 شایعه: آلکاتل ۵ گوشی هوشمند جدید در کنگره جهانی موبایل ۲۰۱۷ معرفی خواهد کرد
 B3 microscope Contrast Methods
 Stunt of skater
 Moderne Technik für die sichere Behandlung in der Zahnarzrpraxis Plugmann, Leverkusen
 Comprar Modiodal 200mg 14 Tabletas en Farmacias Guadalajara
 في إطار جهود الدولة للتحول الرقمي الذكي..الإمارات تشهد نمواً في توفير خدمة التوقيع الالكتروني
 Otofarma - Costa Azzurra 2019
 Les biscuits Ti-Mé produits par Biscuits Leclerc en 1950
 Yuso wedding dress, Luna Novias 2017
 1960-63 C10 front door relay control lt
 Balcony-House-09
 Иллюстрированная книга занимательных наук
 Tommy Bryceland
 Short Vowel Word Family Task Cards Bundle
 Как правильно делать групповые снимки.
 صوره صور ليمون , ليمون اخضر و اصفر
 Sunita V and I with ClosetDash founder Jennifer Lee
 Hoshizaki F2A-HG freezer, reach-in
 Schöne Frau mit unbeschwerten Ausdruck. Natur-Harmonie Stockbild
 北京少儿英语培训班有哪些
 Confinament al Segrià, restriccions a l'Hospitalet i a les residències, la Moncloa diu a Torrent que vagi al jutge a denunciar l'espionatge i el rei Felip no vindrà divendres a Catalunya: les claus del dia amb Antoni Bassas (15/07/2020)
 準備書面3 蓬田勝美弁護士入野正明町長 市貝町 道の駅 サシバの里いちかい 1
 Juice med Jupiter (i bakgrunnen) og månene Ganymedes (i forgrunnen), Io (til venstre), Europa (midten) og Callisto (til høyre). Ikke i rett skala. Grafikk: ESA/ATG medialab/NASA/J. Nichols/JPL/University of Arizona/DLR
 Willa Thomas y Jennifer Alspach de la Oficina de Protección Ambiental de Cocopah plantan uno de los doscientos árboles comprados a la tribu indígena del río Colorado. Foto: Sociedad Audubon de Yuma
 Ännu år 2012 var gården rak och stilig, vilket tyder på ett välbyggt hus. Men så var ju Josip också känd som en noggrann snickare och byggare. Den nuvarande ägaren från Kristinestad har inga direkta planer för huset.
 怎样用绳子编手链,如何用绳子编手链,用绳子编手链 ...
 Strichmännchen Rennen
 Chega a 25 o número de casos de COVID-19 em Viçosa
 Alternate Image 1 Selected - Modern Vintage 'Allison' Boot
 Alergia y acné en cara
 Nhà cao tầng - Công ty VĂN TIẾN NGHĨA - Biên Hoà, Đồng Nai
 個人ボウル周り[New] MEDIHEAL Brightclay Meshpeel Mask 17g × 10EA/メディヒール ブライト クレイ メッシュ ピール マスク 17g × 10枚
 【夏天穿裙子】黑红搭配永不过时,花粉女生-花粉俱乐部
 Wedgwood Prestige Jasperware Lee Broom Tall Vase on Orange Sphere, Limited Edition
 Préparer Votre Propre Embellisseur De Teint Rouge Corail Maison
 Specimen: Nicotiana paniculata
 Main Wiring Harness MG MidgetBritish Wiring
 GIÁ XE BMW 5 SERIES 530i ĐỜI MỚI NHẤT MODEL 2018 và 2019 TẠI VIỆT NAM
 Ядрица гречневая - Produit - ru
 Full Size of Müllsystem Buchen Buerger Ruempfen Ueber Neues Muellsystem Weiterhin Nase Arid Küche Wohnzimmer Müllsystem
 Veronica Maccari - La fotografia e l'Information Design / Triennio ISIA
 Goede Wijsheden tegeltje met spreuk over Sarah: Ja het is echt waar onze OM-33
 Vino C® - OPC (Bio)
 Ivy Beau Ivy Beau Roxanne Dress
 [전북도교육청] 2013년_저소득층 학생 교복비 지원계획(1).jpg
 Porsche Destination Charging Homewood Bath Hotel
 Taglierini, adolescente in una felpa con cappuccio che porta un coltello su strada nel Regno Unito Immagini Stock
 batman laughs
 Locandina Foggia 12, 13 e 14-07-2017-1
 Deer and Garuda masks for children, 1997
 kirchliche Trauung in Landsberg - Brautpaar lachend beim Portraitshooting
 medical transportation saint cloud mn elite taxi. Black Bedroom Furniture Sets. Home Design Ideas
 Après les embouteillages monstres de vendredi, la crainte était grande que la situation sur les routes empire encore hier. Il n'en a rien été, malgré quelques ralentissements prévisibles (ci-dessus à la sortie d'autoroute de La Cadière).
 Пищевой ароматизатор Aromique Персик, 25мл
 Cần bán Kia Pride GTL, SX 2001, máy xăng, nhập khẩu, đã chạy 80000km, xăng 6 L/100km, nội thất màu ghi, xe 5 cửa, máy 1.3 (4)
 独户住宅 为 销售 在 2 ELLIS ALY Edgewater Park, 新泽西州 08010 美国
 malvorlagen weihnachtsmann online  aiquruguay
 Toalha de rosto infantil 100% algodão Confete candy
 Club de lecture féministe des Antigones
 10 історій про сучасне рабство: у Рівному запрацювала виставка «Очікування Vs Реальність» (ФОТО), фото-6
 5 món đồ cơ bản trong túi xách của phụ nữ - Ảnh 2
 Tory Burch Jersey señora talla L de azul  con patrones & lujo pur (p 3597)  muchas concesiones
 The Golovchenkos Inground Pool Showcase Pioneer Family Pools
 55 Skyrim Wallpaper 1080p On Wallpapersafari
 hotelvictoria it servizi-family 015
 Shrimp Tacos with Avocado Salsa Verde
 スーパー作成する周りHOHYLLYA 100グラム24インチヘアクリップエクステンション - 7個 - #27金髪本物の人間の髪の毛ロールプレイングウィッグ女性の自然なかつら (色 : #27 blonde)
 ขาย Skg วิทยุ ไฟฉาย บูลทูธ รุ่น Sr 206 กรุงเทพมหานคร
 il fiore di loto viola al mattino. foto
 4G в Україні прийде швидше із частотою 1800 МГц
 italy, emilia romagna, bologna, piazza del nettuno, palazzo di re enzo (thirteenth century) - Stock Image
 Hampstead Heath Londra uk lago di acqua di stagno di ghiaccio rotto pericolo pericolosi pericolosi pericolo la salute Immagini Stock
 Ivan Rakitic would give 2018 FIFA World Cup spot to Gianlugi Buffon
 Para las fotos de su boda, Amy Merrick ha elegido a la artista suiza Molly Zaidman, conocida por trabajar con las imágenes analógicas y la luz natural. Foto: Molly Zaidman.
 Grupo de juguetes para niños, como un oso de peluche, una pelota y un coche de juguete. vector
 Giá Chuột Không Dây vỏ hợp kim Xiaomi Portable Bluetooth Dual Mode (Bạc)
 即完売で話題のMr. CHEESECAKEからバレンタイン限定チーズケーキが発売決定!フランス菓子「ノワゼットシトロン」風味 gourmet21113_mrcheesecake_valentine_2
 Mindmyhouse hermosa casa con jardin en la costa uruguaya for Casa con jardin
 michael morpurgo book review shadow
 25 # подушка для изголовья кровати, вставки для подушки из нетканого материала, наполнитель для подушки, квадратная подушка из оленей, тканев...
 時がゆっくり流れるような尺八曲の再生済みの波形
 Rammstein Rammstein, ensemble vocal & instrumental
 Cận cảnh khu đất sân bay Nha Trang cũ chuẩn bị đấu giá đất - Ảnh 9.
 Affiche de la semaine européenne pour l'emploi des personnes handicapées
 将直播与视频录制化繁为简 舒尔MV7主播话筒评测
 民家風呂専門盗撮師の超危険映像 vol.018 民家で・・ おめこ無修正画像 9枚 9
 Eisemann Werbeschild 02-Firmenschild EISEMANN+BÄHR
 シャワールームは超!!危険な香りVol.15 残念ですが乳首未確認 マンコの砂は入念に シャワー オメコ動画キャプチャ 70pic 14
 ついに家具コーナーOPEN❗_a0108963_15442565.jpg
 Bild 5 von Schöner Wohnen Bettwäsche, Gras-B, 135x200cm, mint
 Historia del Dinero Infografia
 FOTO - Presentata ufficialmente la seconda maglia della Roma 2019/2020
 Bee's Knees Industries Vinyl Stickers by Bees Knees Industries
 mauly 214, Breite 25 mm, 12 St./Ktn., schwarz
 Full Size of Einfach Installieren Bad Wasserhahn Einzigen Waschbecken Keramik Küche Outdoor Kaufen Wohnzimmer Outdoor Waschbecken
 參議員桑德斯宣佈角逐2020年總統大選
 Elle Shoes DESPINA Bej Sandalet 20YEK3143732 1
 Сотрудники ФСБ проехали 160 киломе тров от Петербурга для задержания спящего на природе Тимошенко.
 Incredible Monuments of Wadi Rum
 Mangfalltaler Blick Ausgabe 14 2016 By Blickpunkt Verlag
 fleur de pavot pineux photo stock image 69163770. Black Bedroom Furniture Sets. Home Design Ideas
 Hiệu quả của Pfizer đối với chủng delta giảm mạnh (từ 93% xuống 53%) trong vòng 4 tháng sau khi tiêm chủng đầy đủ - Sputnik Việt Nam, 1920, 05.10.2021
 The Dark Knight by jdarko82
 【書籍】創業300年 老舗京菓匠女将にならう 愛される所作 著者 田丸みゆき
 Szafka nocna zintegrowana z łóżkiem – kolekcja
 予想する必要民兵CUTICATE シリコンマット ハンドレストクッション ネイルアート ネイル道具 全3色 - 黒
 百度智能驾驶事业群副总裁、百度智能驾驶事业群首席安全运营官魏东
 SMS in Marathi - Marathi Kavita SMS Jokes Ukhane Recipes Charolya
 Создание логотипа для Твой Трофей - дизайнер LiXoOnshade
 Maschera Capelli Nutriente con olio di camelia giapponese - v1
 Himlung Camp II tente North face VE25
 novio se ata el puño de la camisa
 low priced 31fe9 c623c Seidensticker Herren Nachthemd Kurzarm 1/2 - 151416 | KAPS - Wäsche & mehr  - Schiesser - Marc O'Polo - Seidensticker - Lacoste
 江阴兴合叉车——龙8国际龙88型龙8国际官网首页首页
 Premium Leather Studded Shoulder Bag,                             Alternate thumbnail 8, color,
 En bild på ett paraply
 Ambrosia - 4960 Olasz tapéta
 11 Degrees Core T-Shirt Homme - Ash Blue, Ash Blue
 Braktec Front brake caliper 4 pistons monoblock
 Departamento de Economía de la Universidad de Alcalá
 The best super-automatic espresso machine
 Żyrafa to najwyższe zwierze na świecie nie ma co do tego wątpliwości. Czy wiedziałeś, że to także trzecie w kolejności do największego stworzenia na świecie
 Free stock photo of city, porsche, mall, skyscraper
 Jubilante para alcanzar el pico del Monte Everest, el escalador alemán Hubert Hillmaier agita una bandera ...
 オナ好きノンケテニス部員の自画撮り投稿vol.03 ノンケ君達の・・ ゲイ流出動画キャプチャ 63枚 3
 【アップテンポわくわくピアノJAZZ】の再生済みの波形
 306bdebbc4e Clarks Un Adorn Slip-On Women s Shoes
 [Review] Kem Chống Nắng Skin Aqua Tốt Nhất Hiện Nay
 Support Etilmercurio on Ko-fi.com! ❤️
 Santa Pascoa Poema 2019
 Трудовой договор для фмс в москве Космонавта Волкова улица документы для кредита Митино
----
_Task to carry out_
Search the data above for the string "Furniture" and return every line that has it.

_Exercise output_
 medical transportation saint cloud mn elite taxi. Black Bedroom Furniture Sets. Home Design Ideas
 fleur de pavot pineux photo stock image 69163770. Black Bedroom Furniture Sets. Home Design Ideas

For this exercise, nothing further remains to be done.